Pour ces individus, l’accès à la langue française est un enjeu majeur. Il est la garantie pour eux d’une véritable intégration dans la vie sociale, économique et politique de leur pays. C’est la raison pour laquelle Solidarité Laïque, depuis cette année, s’engage sur des actions de formation en langue française et sur des projets d’outillage et de renforcement de compétences des enseignants francophones[1]. Parce que dans les pays francophones, il est urgent de lutter contre l’insécurité linguistique qui touche les plus démunis.

 

Vers une langue française partenaire des langues nationales

 

Cependant, cette intégration sociale via le français ne peut être envisagée sans un travail d’aménagement linguistique en faveur des langues nationales. Comme l’a énoncé le chercheur Bartholy Pierre Louis lors de la journée d’études du collectif Haïti France, (2019) : « de nos jours, le bi-plurilinguisme comme phénomène sociolinguistique devient indiscutable ». L’exemple le plus criant de l’importance de la mise en place de politiques bi/plurilingues se situe au niveau éducatif.

Il y a en effet 40% d’enfants dans le monde qui n’ont pas accès à un apprentissage des savoirs de base dans une langue qu’ils comprennent. C’est cette incohérence linguistique dans les programmes éducatifs qui est à la base du nombre élevé d’échecs et de déperdition scolaire.

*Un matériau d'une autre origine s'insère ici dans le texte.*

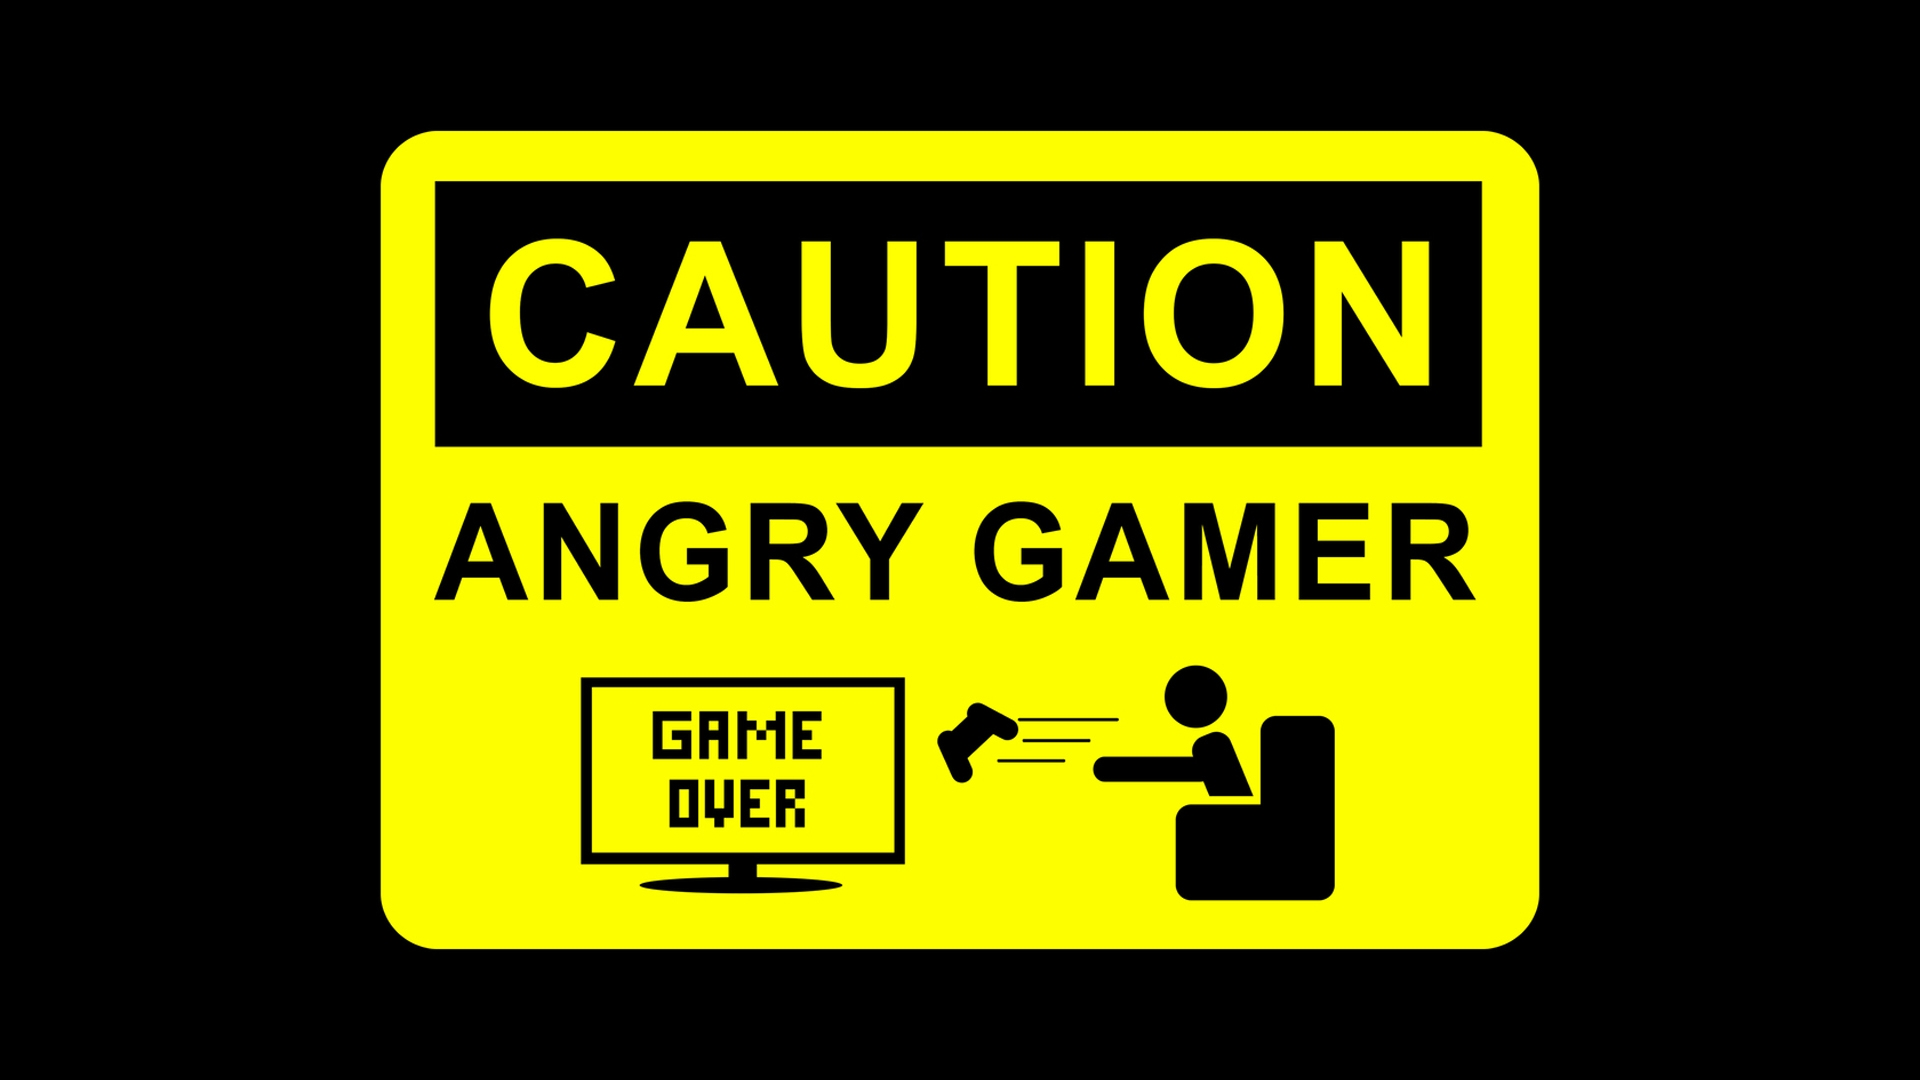 Concerns about violence in video games – in 3d!
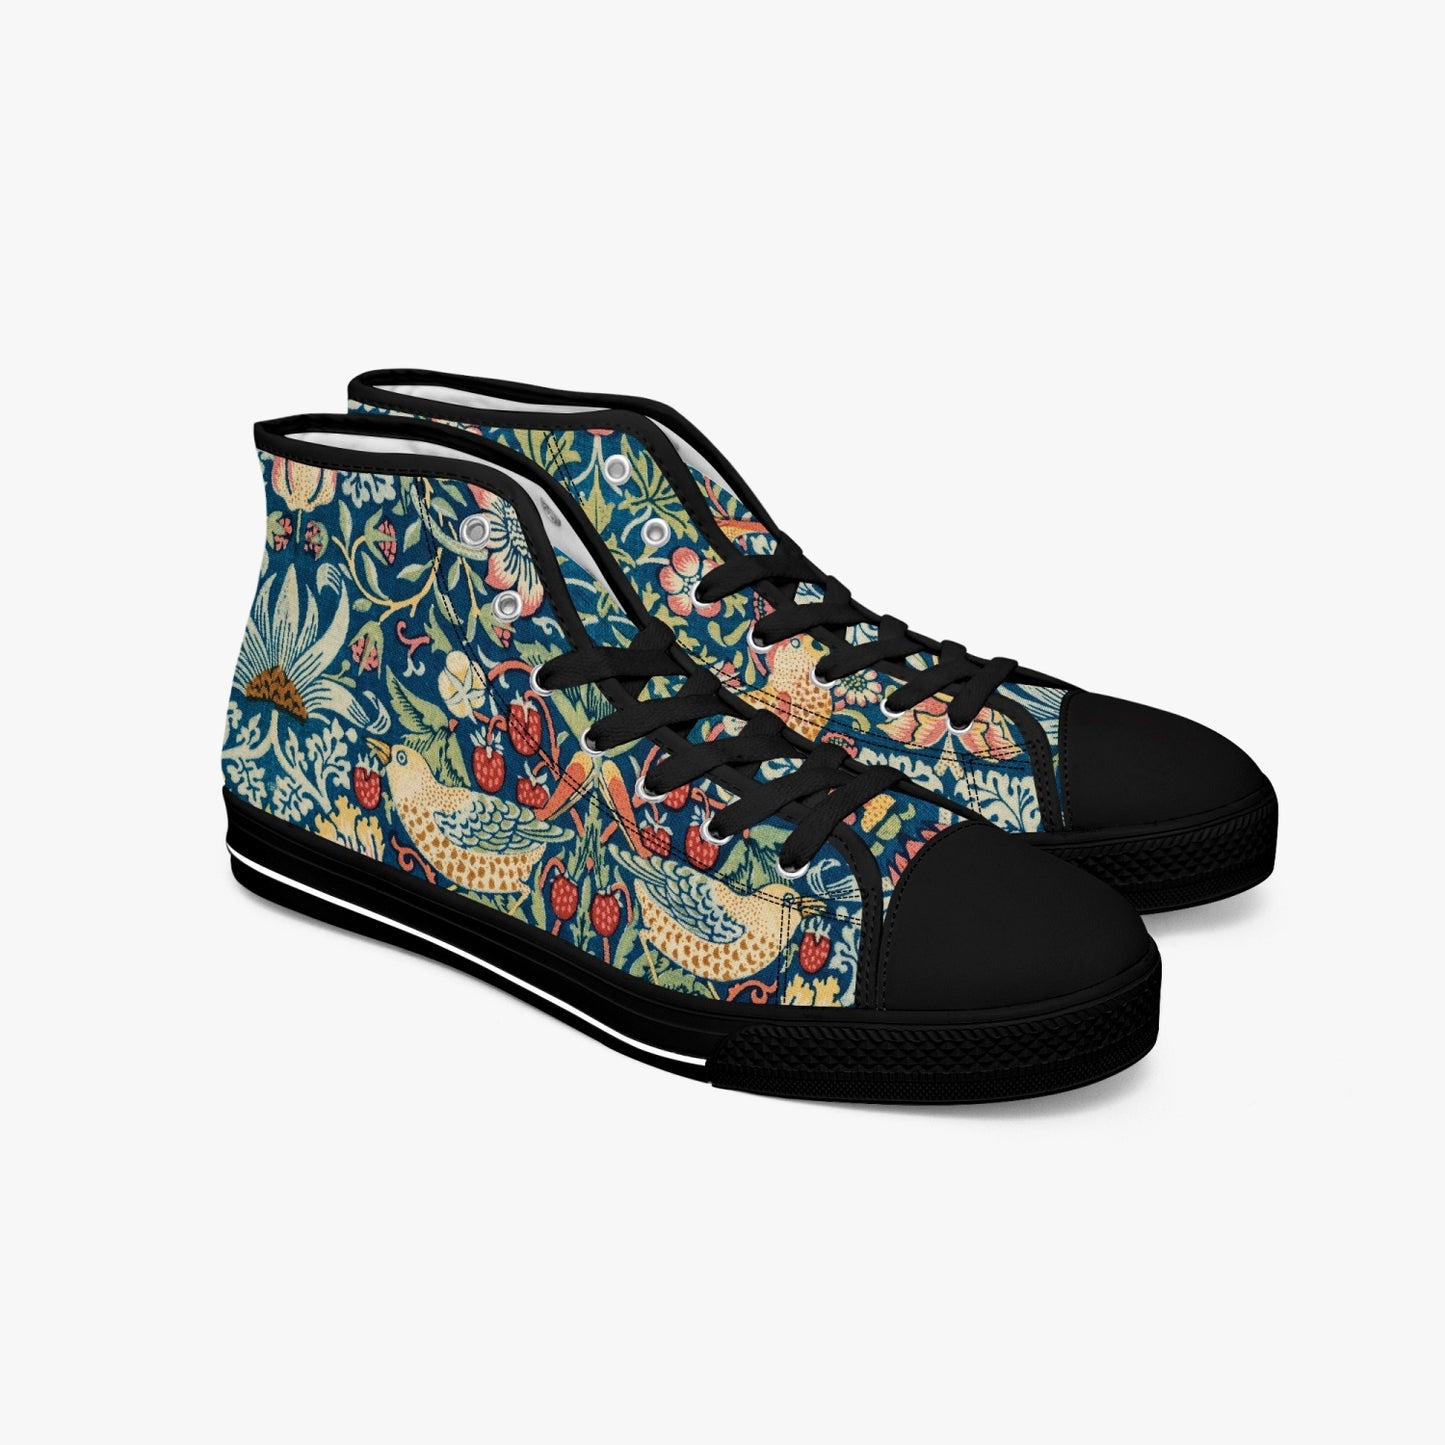 Flowered Sneakers: Canvas High-Tops with Strawberry Thief William Morris Wallpaper Design

Et pourtant, des techniques d’enseignement favorisent le multilinguisme et permettent aux apprenants qui évoluent en pays plurilingues d’être scolarisés et éduqués à minima dans deux langues : celle de leur milieu et celle des institutions. Il est fondamental d’enrichir ces pratiques, de former les enseignants dans ce sens et de cocréer des outils bi/plurilingues destinés aux équipes éducatives. En effet, le défi d’un partenariat effectif entre les langues ne pourra être atteint que si les systèmes éducatifs parviennent à former des enfants et des jeunes épanouis dans leur identité plurilingue. Il s’agit, là aussi, d’un des nouveaux défis que Solidarité Laïque souhaite relever[2].

Enseignement de l’histoire coloniale, outillage des maîtres, mise en place de programmes plurilingues “langues nationales – français”, Solidarité Laïque intègre ces différents enjeux et préoccupations au sein de ses actions pour que chaque enfant et jeune puisse s’épanouir dans le respect de son identité multiculturelle.

 


 

[1] Il en va ainsi du programme « Compétences pour demain », financé par l’AFD et conduit en consortium avec Aide en action : dans les laboratoires d’innovation sociale qui seront créés à Abidjan, Bamako, Conakry, Cotonou, Dakar et Ouagadougou, des formations en langue française seront proposées aux jeunes chômeurs qui peinent à trouver un emploi du fait d’une maîtrise insuffisante de la langue.

[2] Solidarité Laïque interviendra prochainement dans ce sens au Burkina Faso, où 750 jeunes apprendront à écrire et compter dans leur langue maternelle et en français. Cette action est cofinancée par l’Agence Française de Développement et menée par Solidarité Laïque avec ses partenaires, Bibliothèque Sans Frontières, le RODEB, les équipes de la RAMAA et les Ministères sectoriels en charge de l’alphabétisation, la jeunesse, la femme, l’emploi et la formation professionnelle.